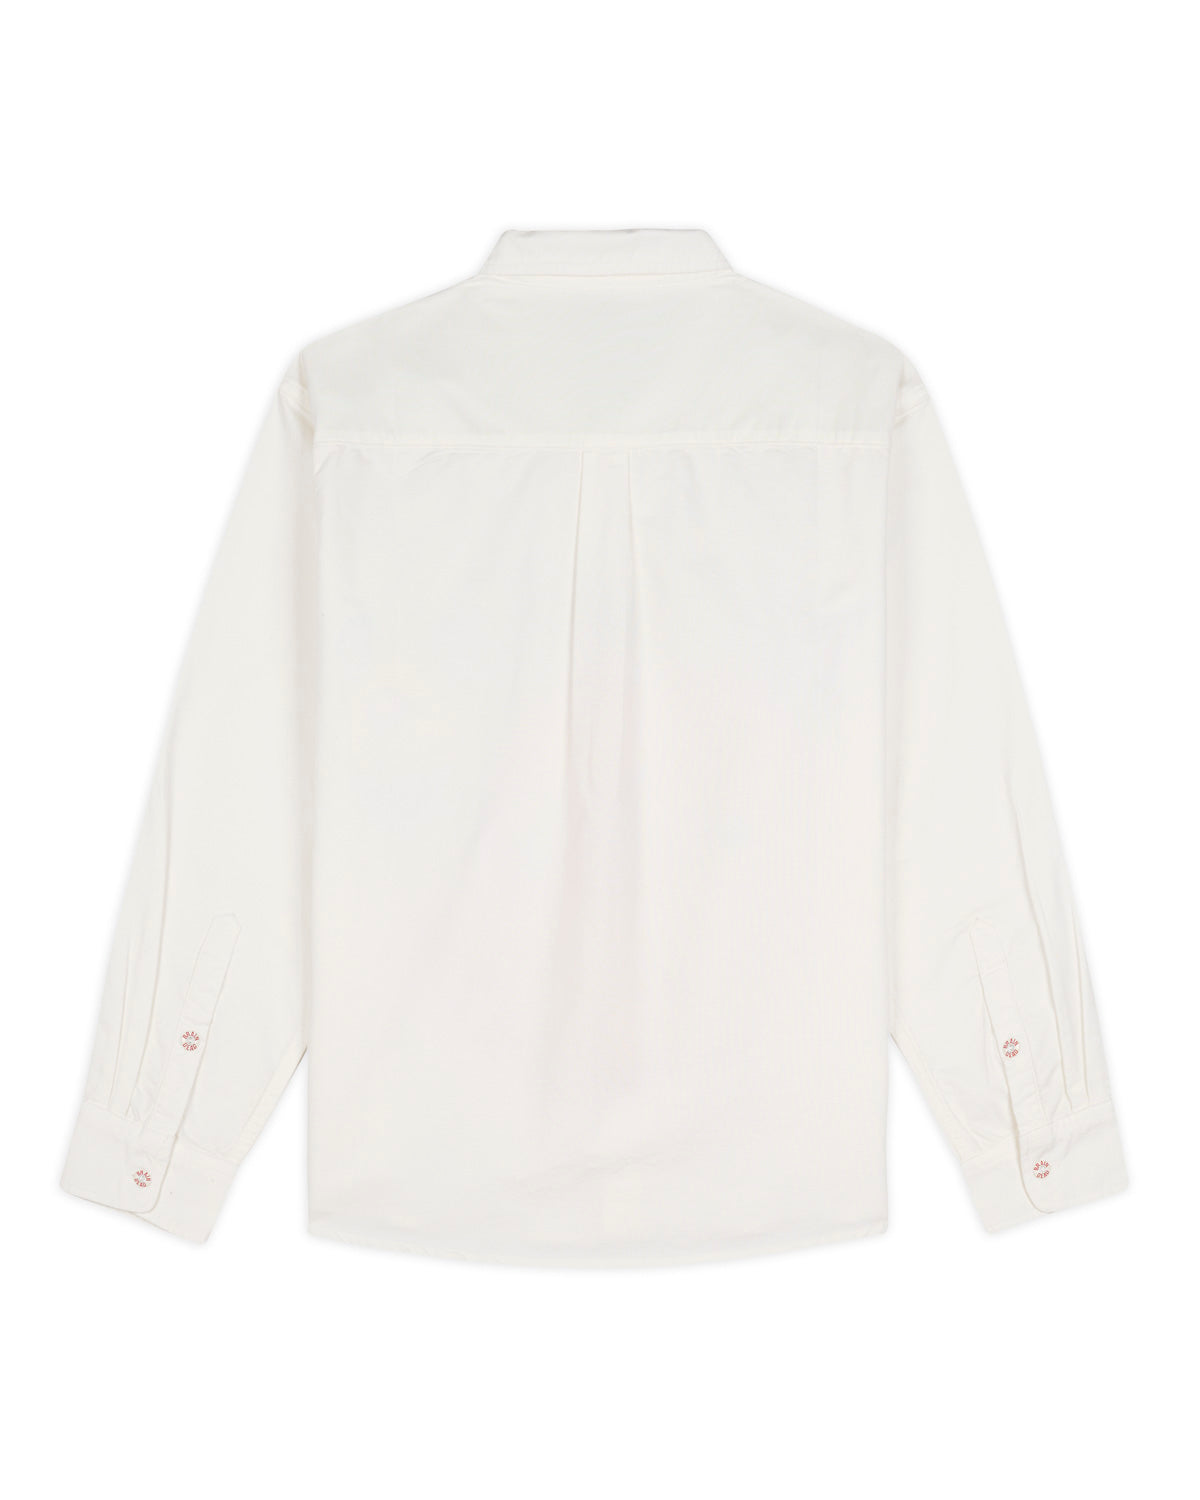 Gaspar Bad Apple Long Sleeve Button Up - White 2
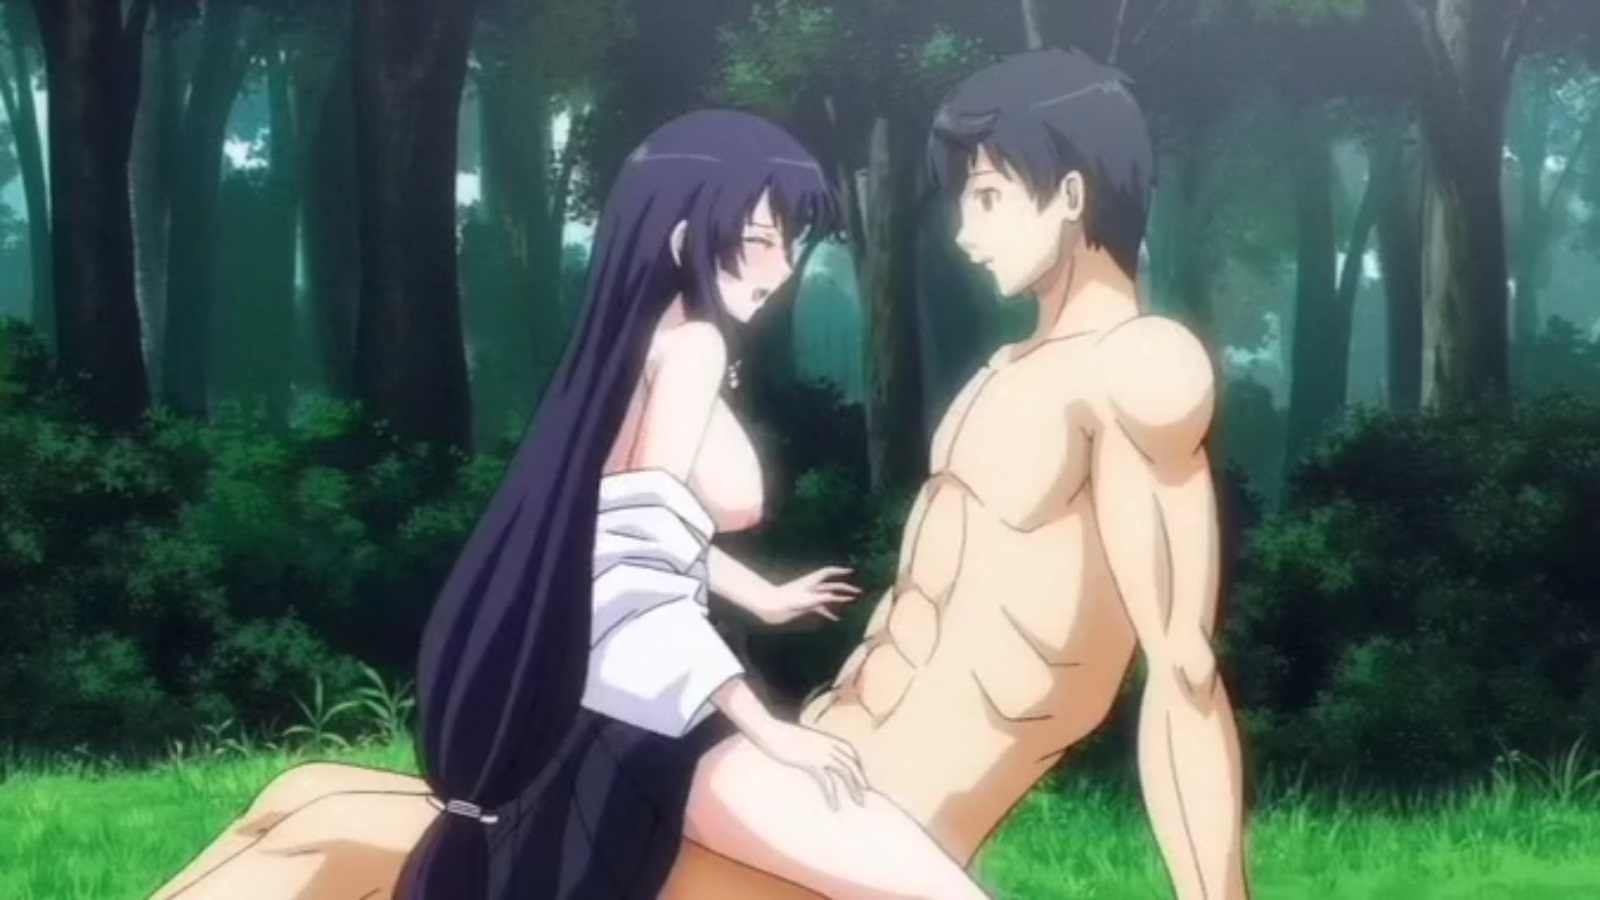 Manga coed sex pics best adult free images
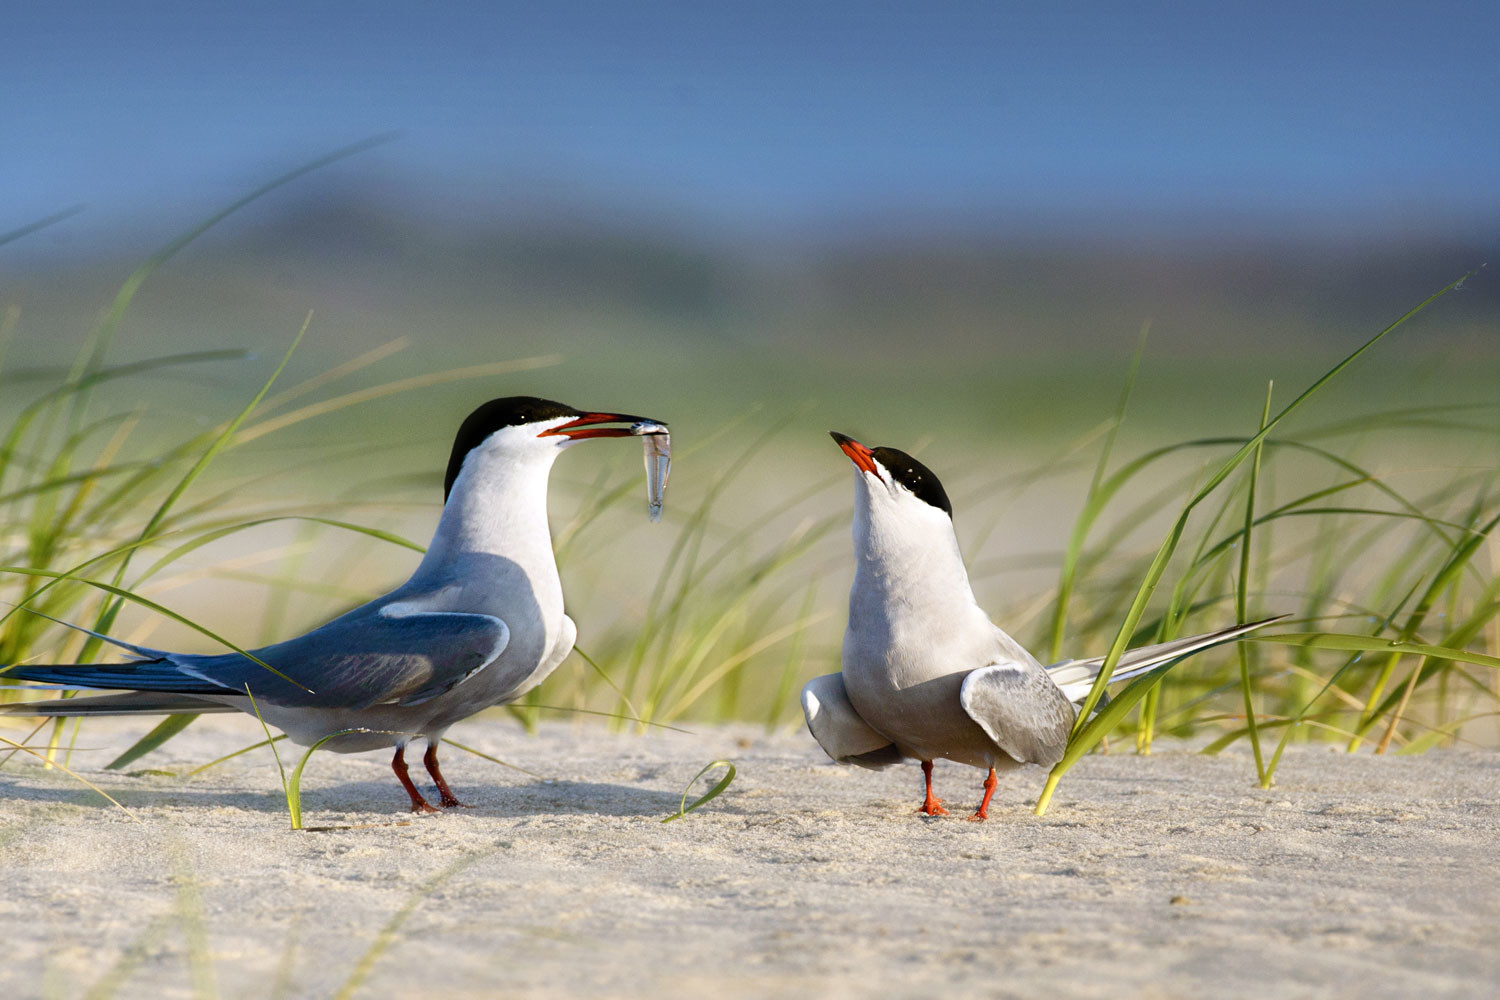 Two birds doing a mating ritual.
- - - - - - -
# WHAT THE EXERCISE ASKS
The listing above is to be retyped word for word, with the pictures omitted.

# SOLUTION TO THE PROBLEM
 Gaspar Bad Apple Long Sleeve Button Up - White 2
 Manga coed sex pics best adult free images
 Two birds doing a mating ritual.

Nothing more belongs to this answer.